=== Begin Enclosure ===

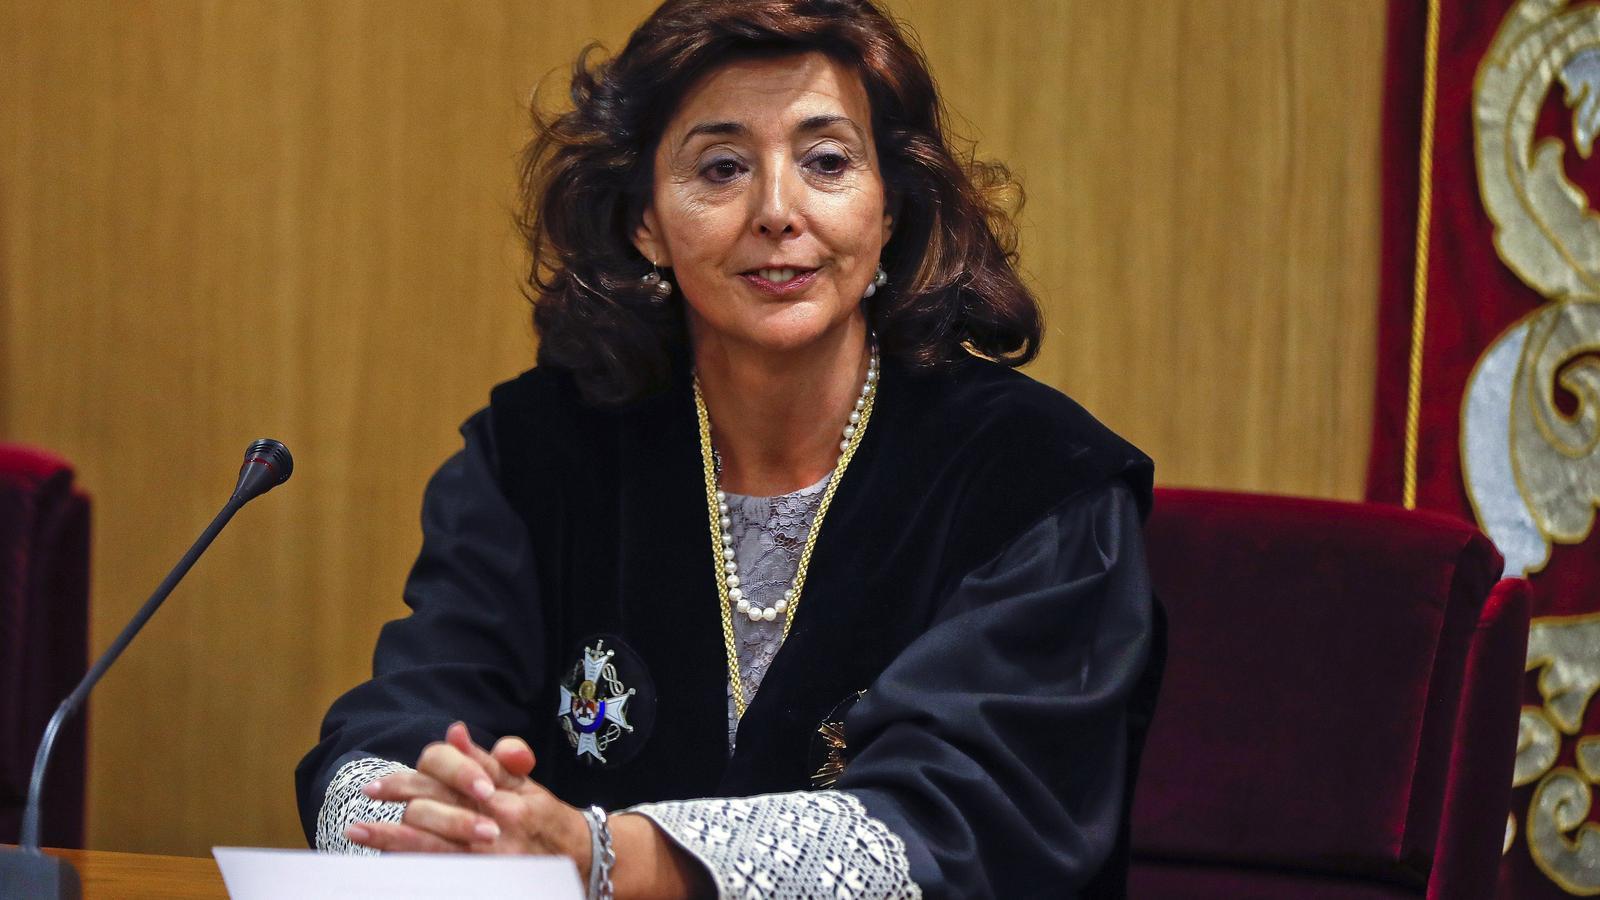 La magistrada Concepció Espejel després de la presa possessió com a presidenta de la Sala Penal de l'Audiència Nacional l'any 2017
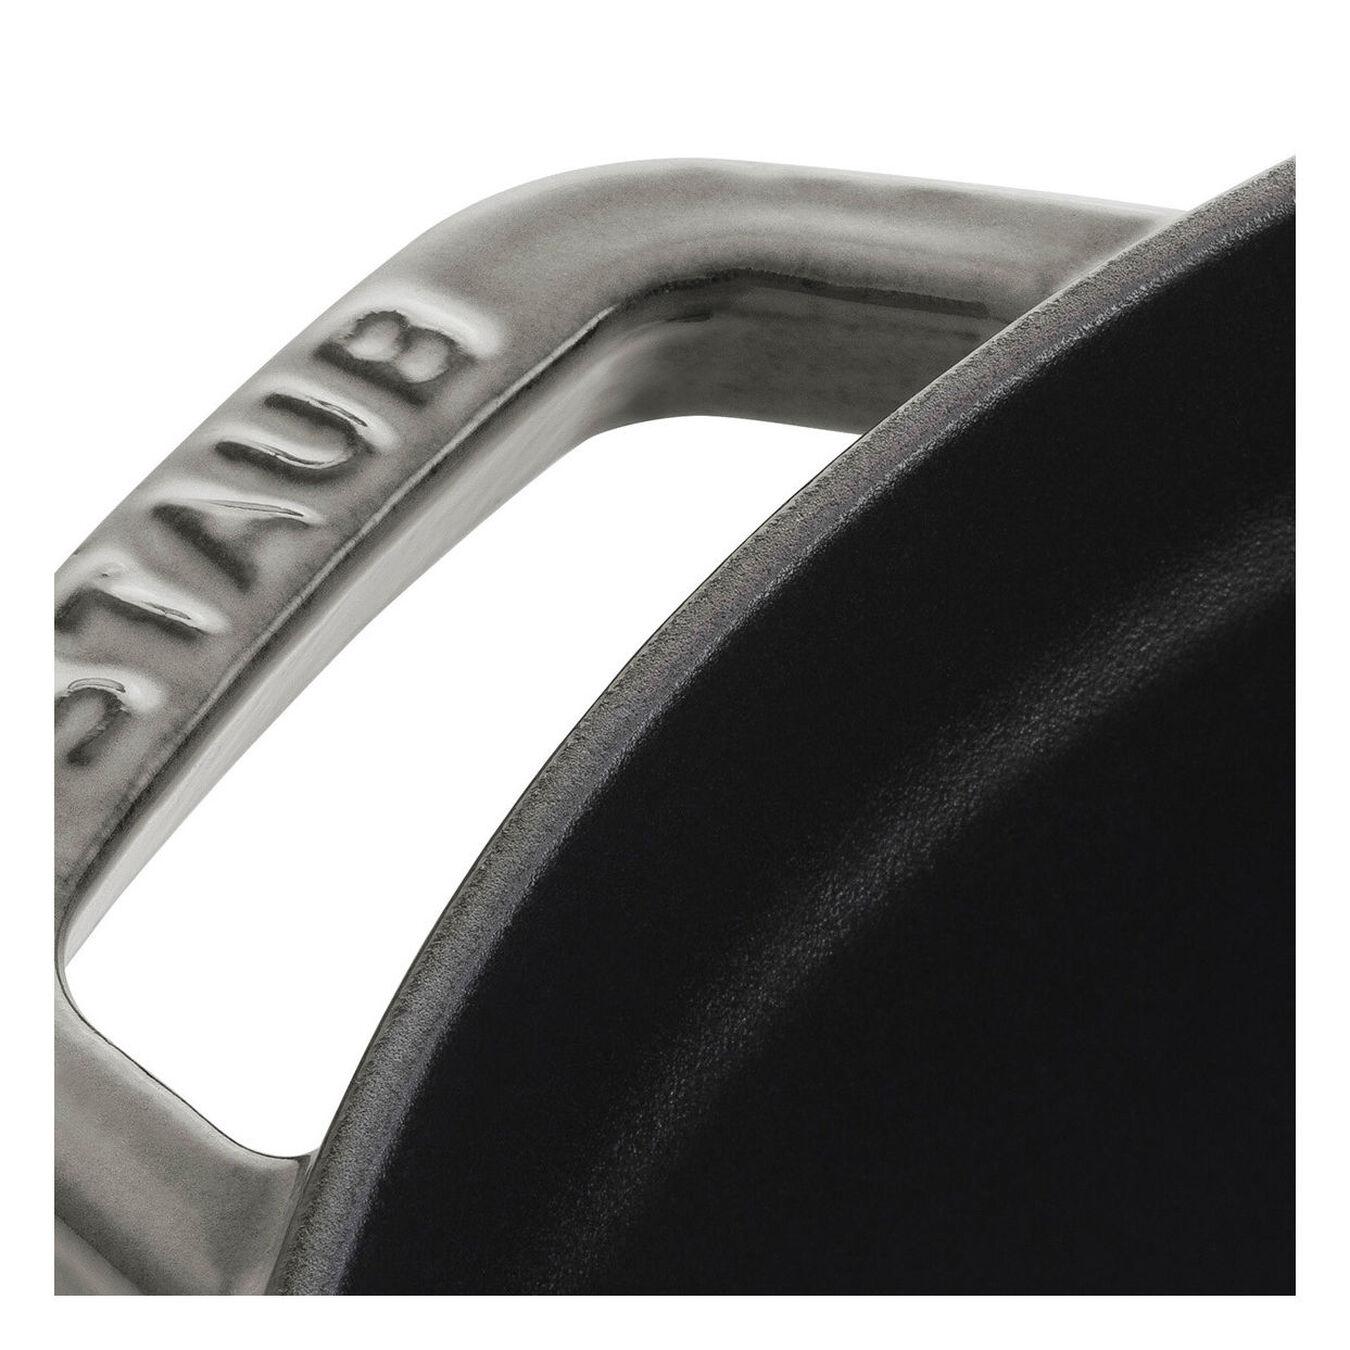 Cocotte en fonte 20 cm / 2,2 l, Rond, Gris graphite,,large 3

=== End Enclosure ===
=== Begin Enclosure ===

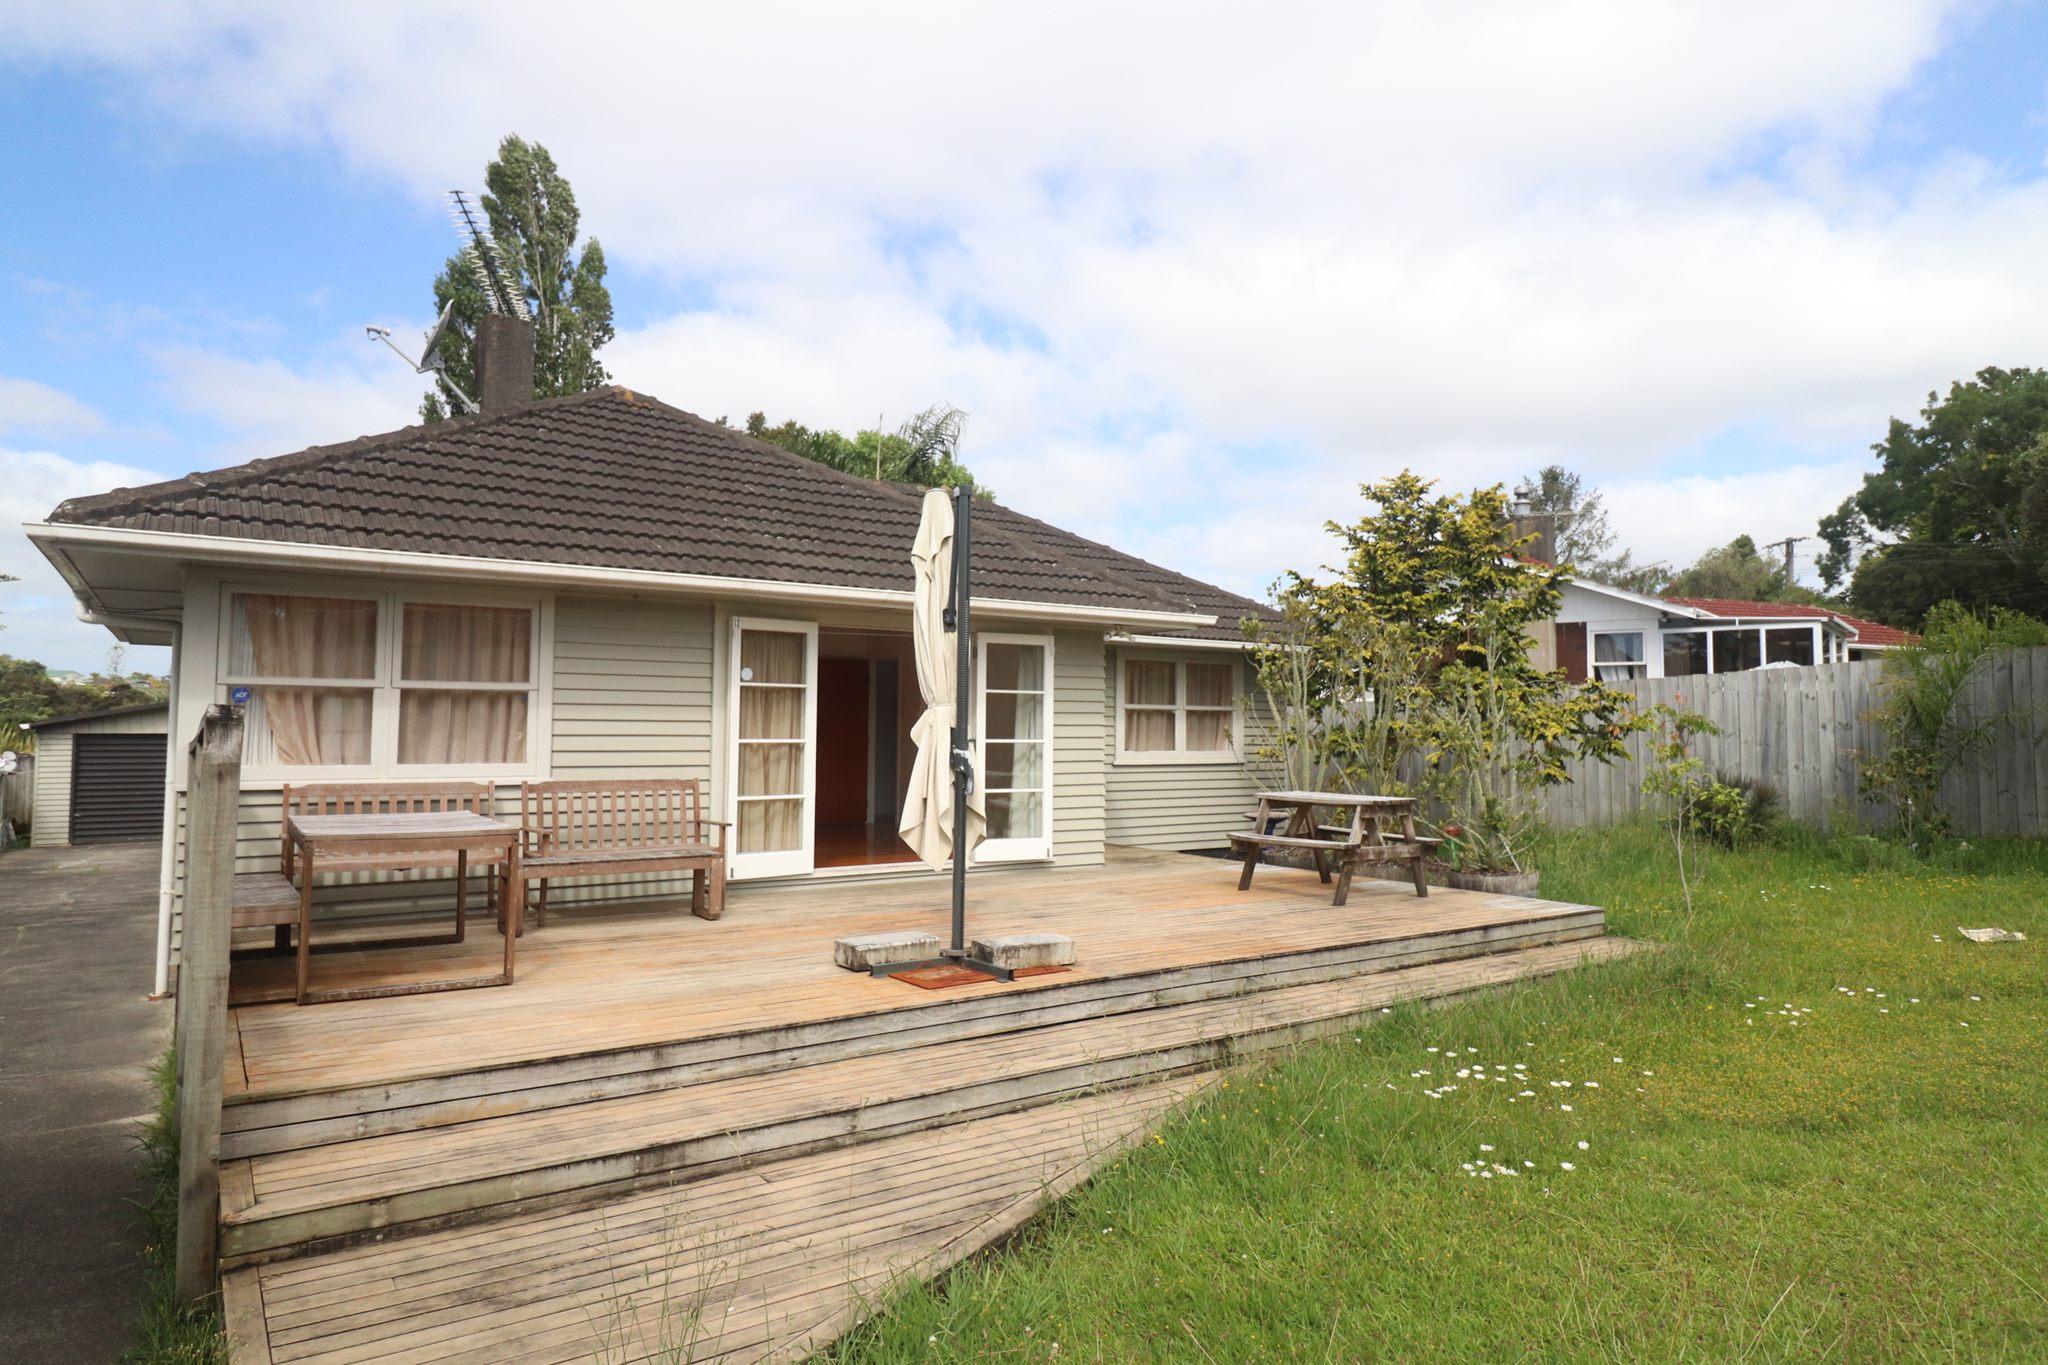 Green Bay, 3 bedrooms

=== End Enclosure ===

● TASK BRIEF
Starting at the line containing "La magistrada Concepció" and stopping at the line containing "Cocotte en fonte", output every line above exactly, both ends included, with pictures omitted.

● EXPECTED ANSWER
 La magistrada Concepció Espejel després de la presa possessió com a presidenta de la Sala Penal de l'Audiència Nacional l'any 2017
 Cocotte en fonte 20 cm / 2,2 l, Rond, Gris graphite,,large 3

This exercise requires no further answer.